Just as embarrassing as the revelation itself, so was the back-peddling apology and subsequent acceptance of Echevarría’s resignation because it was, he told Catalan TV station TV3, ‘in the best interests of the club’. Not quite of Watergate proportions, but still worthy of the question being asked: what did the president know and when did he know it? Suspicions remain over whether Laporta knew all along but wanted to hide the association between the FNFF and what can be described in certain quarters as an antidote to Spanish state influence.

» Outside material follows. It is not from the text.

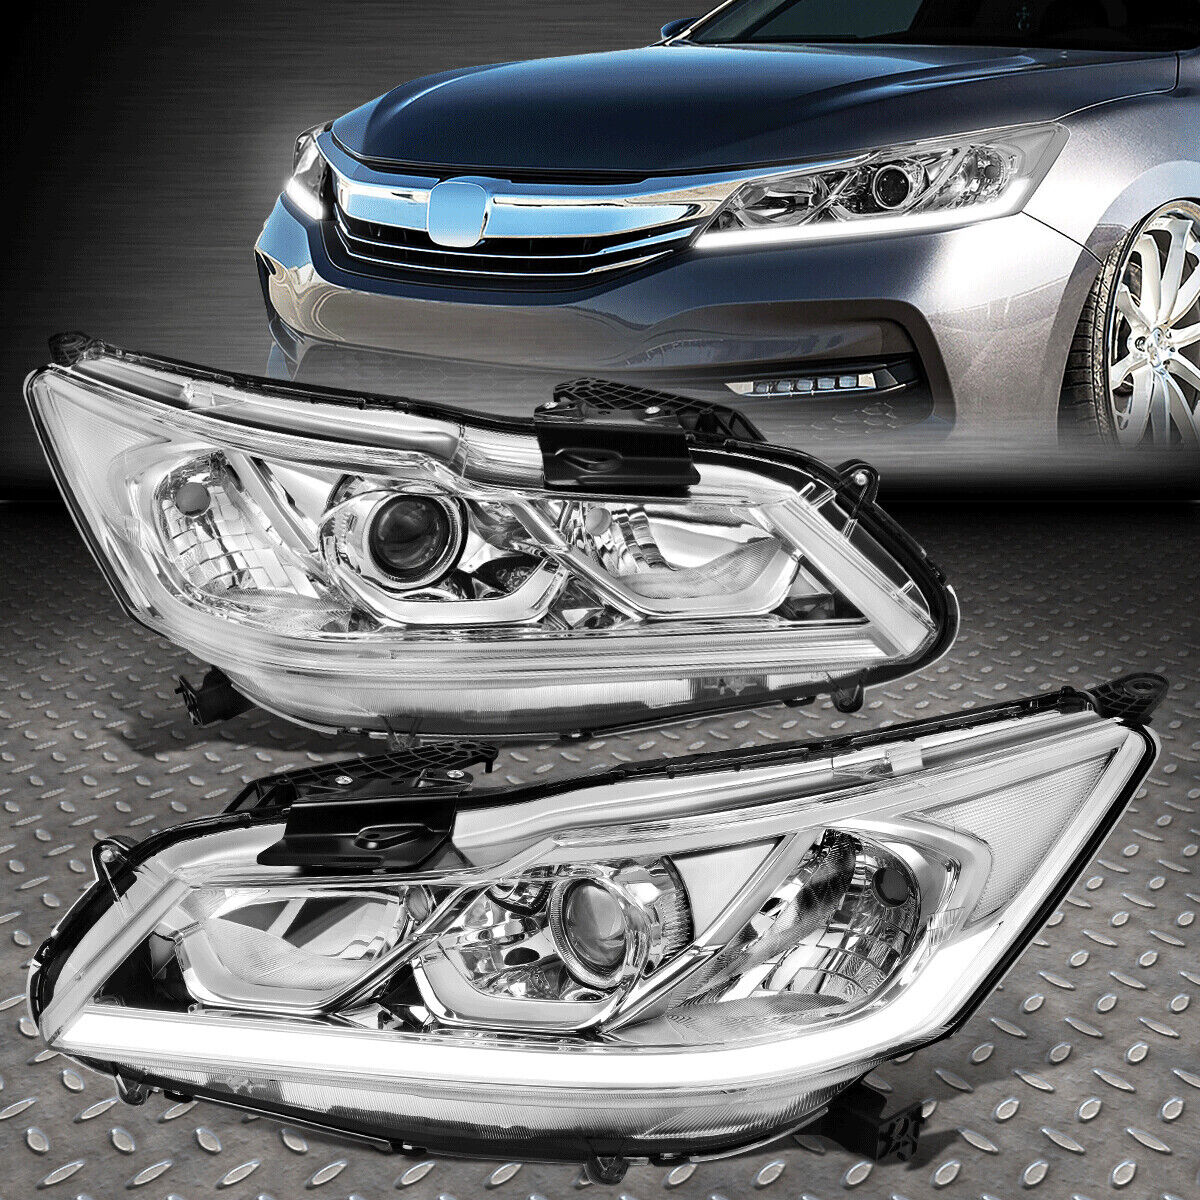 [LED DRL]FOR 16-17 HONDA ACCORD EX SE SPORT PROJECTOR HEADLIGHTS CHROME/CLEAR
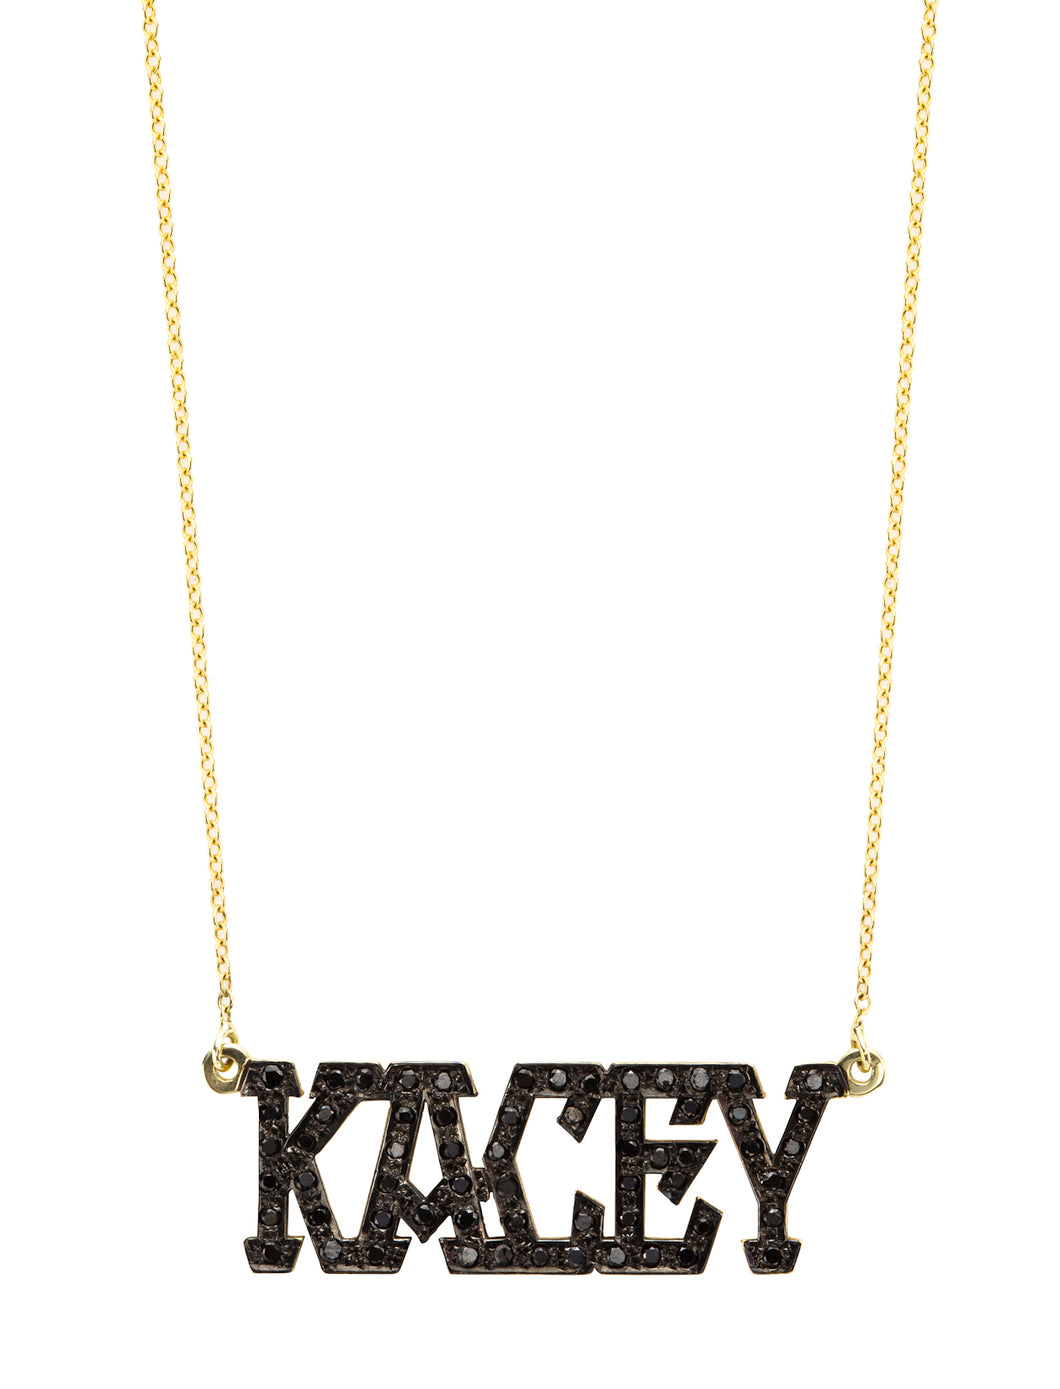 Nameplate Gothic Block Letter | Kacey K Jewelry.

And if all that wasn’t enough, it’s worth noting what a mess the club has made of enabling Argentine wonderkid Lionel Messi to play in the national league; the disgraceful treatment handed out to another Argentine and Barça crowd favourite Javier Saviola; the upset caused with Barcelona’s other major football club, RCD Espanyol, over the Saviola affair; the on-off €20m or so shirt sponsorship deal with the Chinese government and Beijing 2008 Olympic Games organisers; and the decision by the Audiència Provincial de Barcelona forcing Laporta to provide access to the due diligence report put together by Deloitte Touche, to two of its members (Robert Blanch del Toro and Francesc Gordo Guarinos), who had been prevented from exercising their membership rights in seeking a review of the document produced by the auditors.
We keep being told that FC Barcelona is ‘
mes qué un club’. With its politically involved and self-styled
Catalanista, perhaps Laporta has listened to his own hype and believes that it is in fact he who is more than the club.